Ma Han, Chen Meilan, Li Juan, Li Ying, Qiu Shu
Third Affiliated Hospital, Sun Yat-sen University, Guangdong, China.
First Affiliated Hospital, Sun Yat-sen University, Guangdong, China.
An Bras Dermatol. 2015 Mar-Apr;90(2):270-1. doi: 10.1590/abd1806-4841.20153320.

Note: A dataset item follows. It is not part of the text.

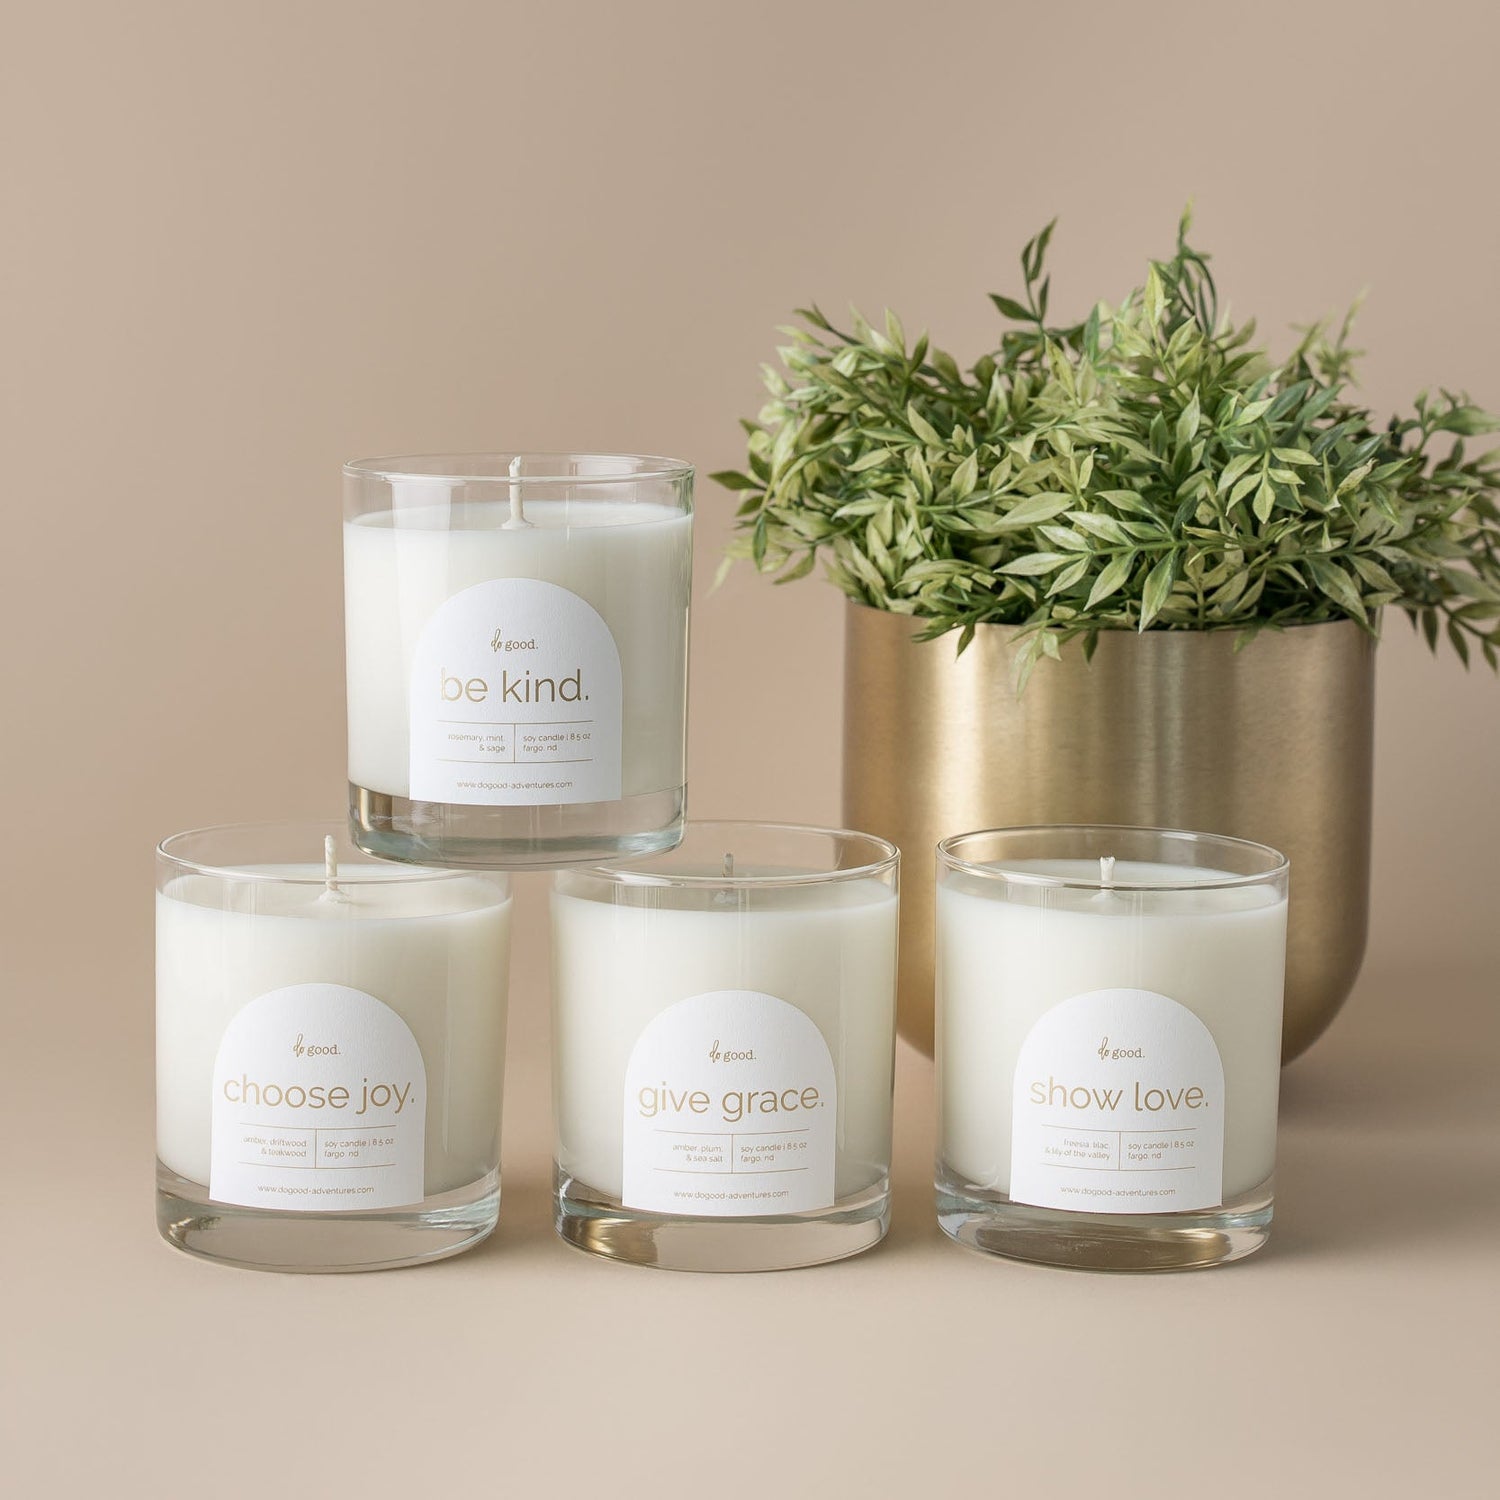 Image of the four candles in the do good collection: be kind./choose joy./give grace./show love.
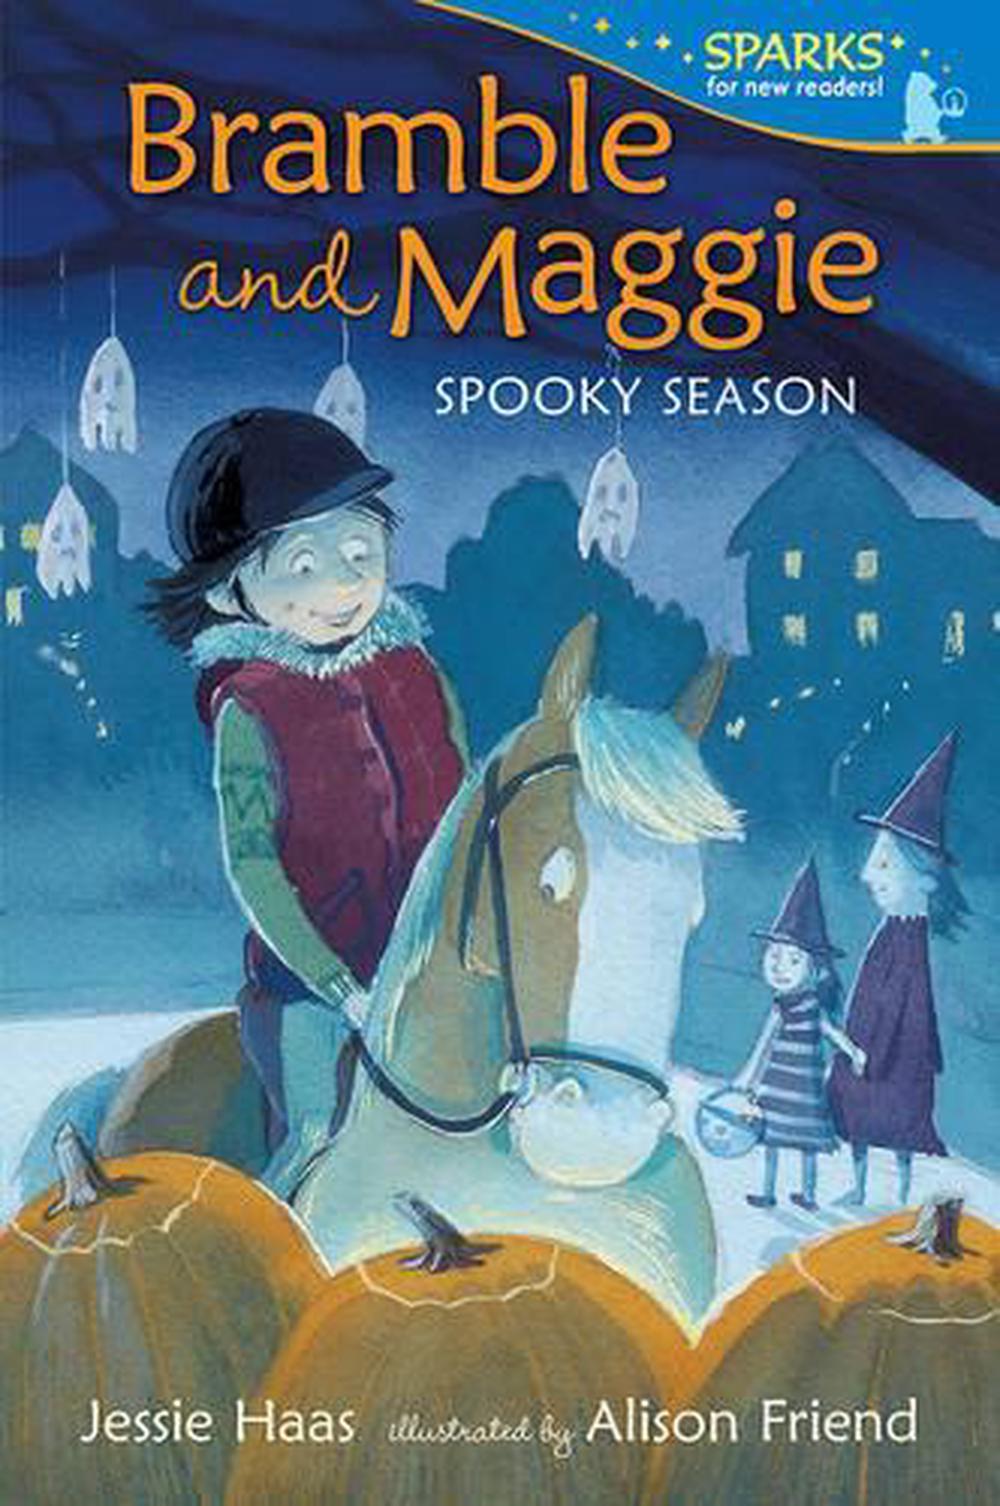 Bramble and Maggie Spooky Season by Jessie Haas (English) Paperback ...

Immunoglobulin light chain amyloidosis is the most common acquired systemic amyloidosis. Its presentation is often insidious and progressive, which may delay diagnosis. The authors describe a rare case of immunoglobulin light chain amyloidosis in a 34-year-old man with scleroderma-like manifestation substantiated by multifarious laboratory investigations and the histopathologic feature of involved skin lesions stained with Congo red and crystal violet. This helps to maintain a high clinical suspicion of the disease when confronting similar skin presentation.
免疫球蛋白轻链淀粉样变性是最常见的后天性全身性淀粉样变性。其表现往往隐匿且呈进行性,这可能会延迟诊断。作者描述了一例罕见的免疫球蛋白轻链淀粉样变性病例,患者为一名34岁男性,具有硬皮病样表现,通过多种实验室检查以及刚果红和结晶紫染色的受累皮肤病变的组织病理学特征得以证实。这有助于在面对类似皮肤表现时对该疾病保持高度的临床怀疑。